◆ To do ◆
Where a line below holds the string "with", that line goes into the answer.

◆ Record set ◆

+ + + + + + +

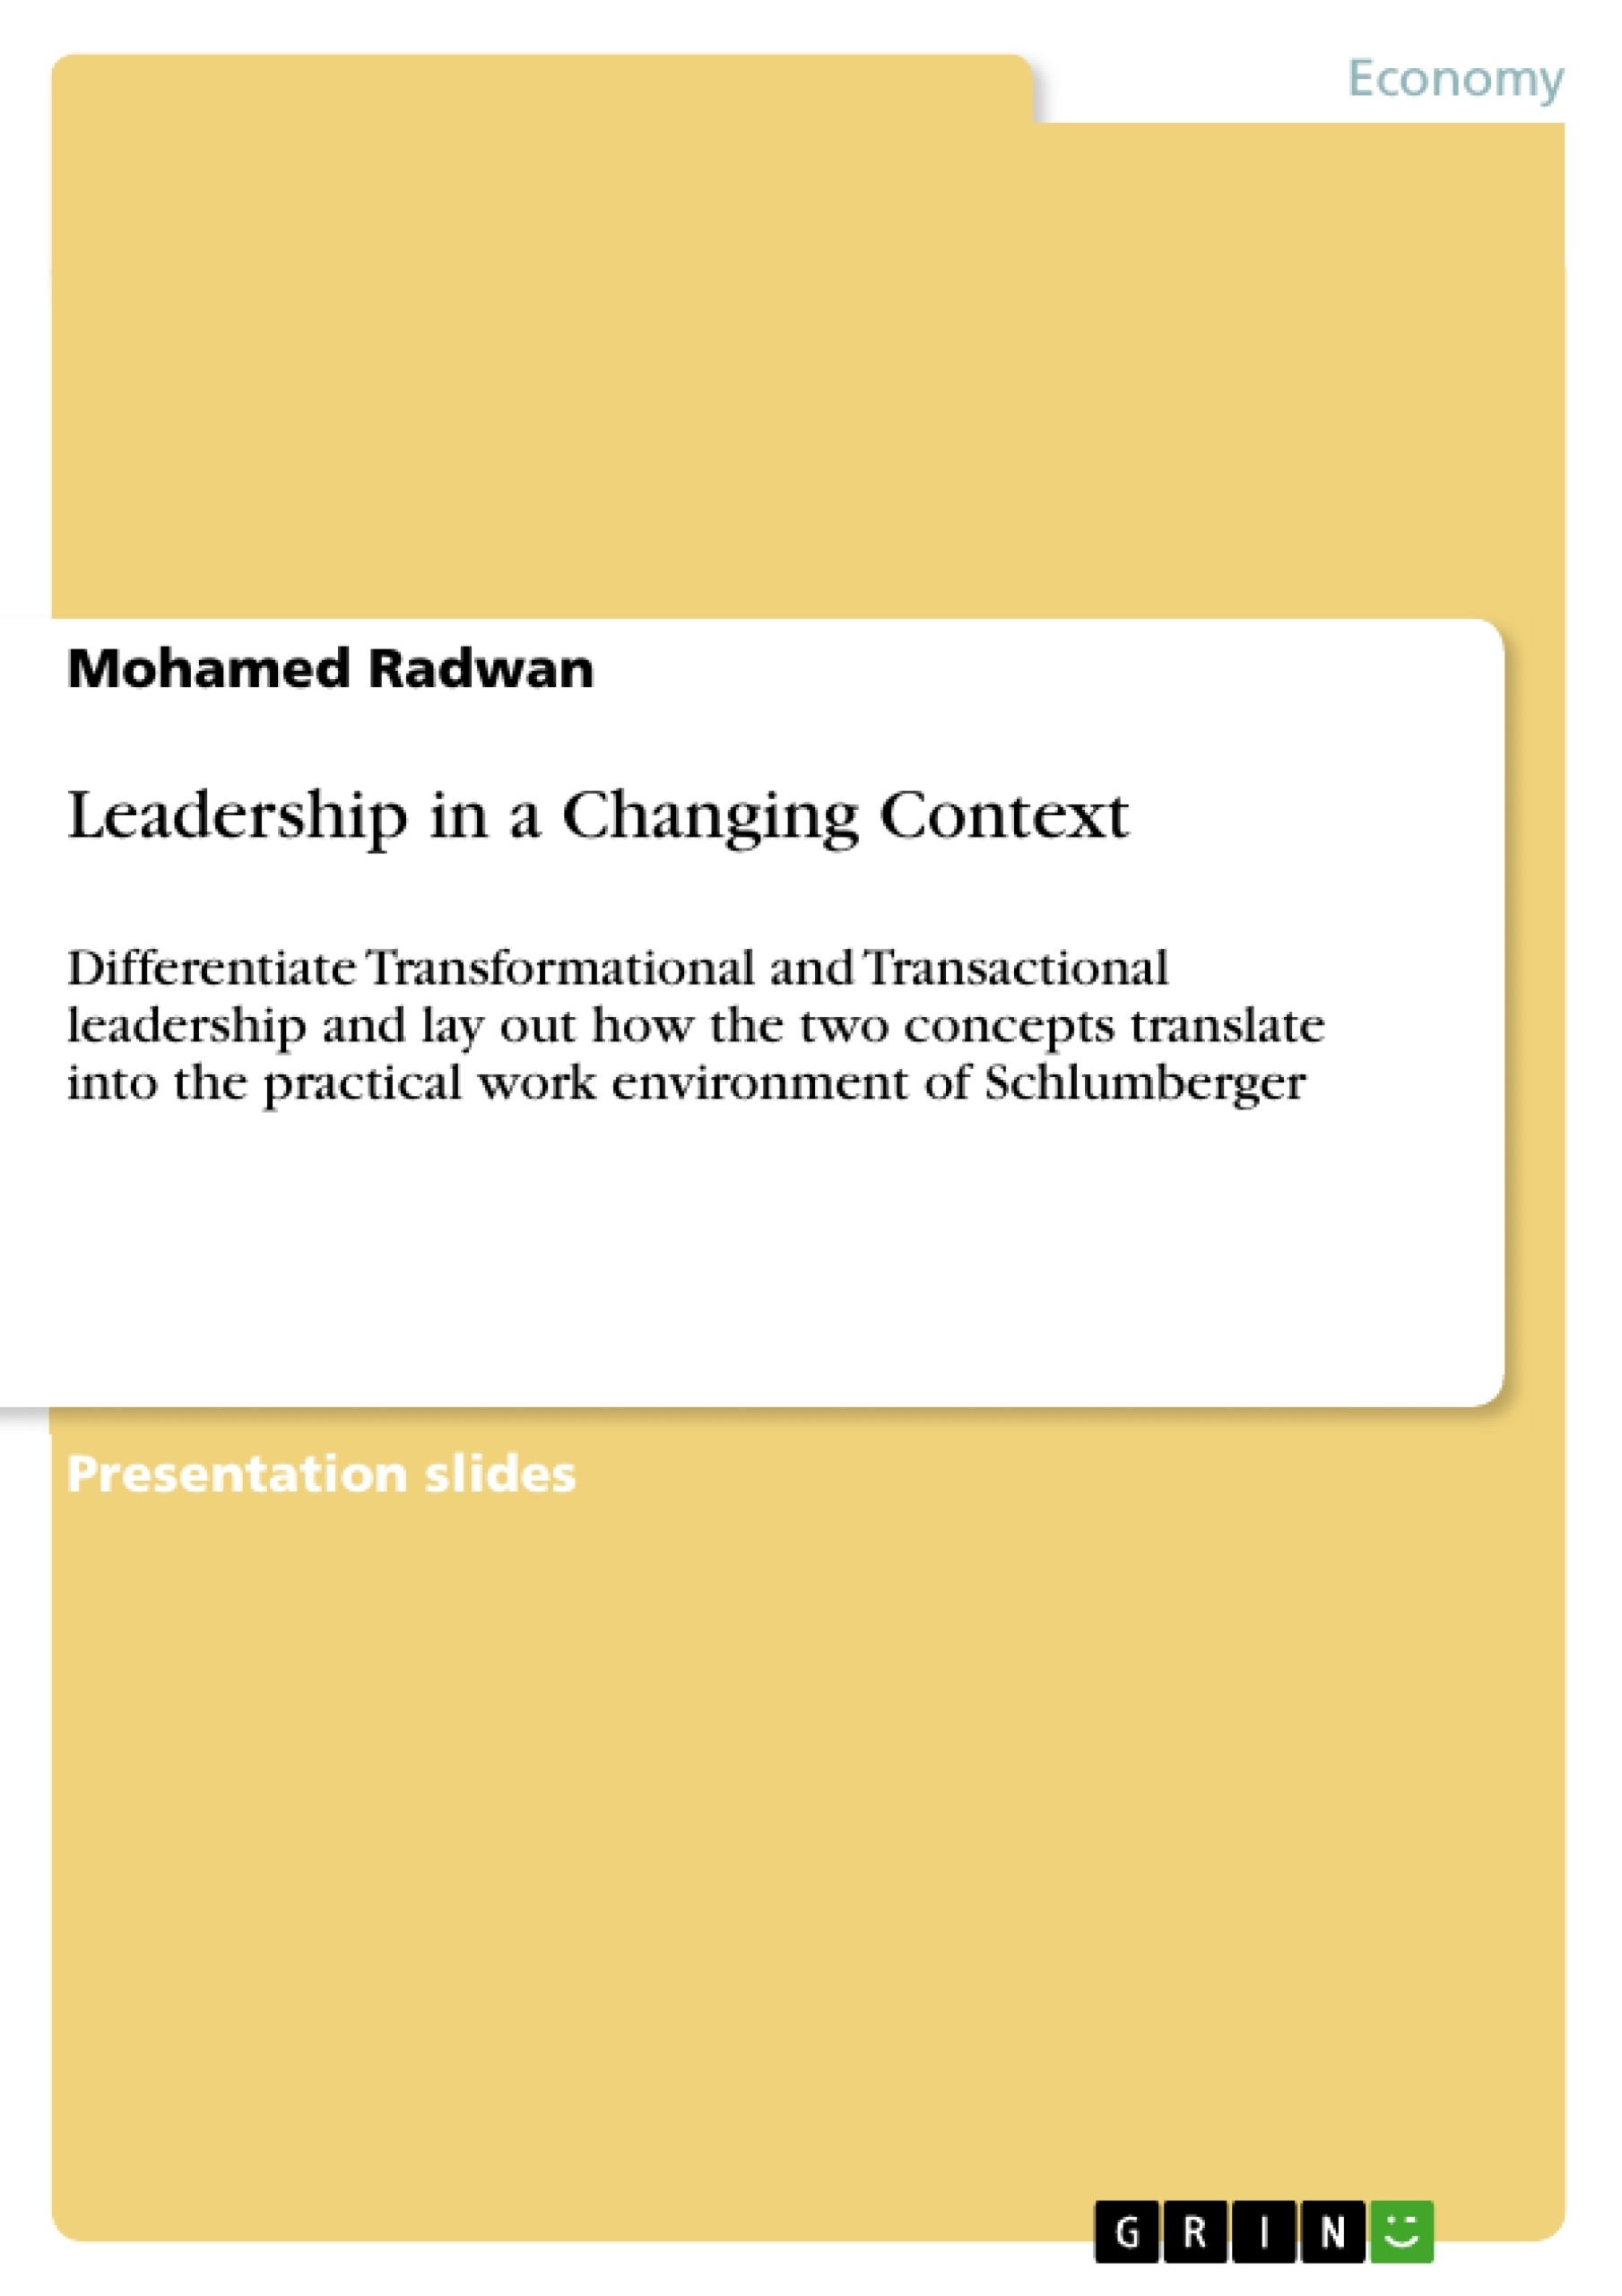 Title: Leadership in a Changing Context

+ + + + + + +

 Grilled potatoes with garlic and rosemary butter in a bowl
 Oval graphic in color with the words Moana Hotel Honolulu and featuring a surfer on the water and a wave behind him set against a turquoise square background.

+ + + + + + +

◆ Task result ◆
 Grilled potatoes with garlic and rosemary butter in a bowl
 Oval graphic in color with the words Moana Hotel Honolulu and featuring a surfer on the water and a wave behind him set against a turquoise square background.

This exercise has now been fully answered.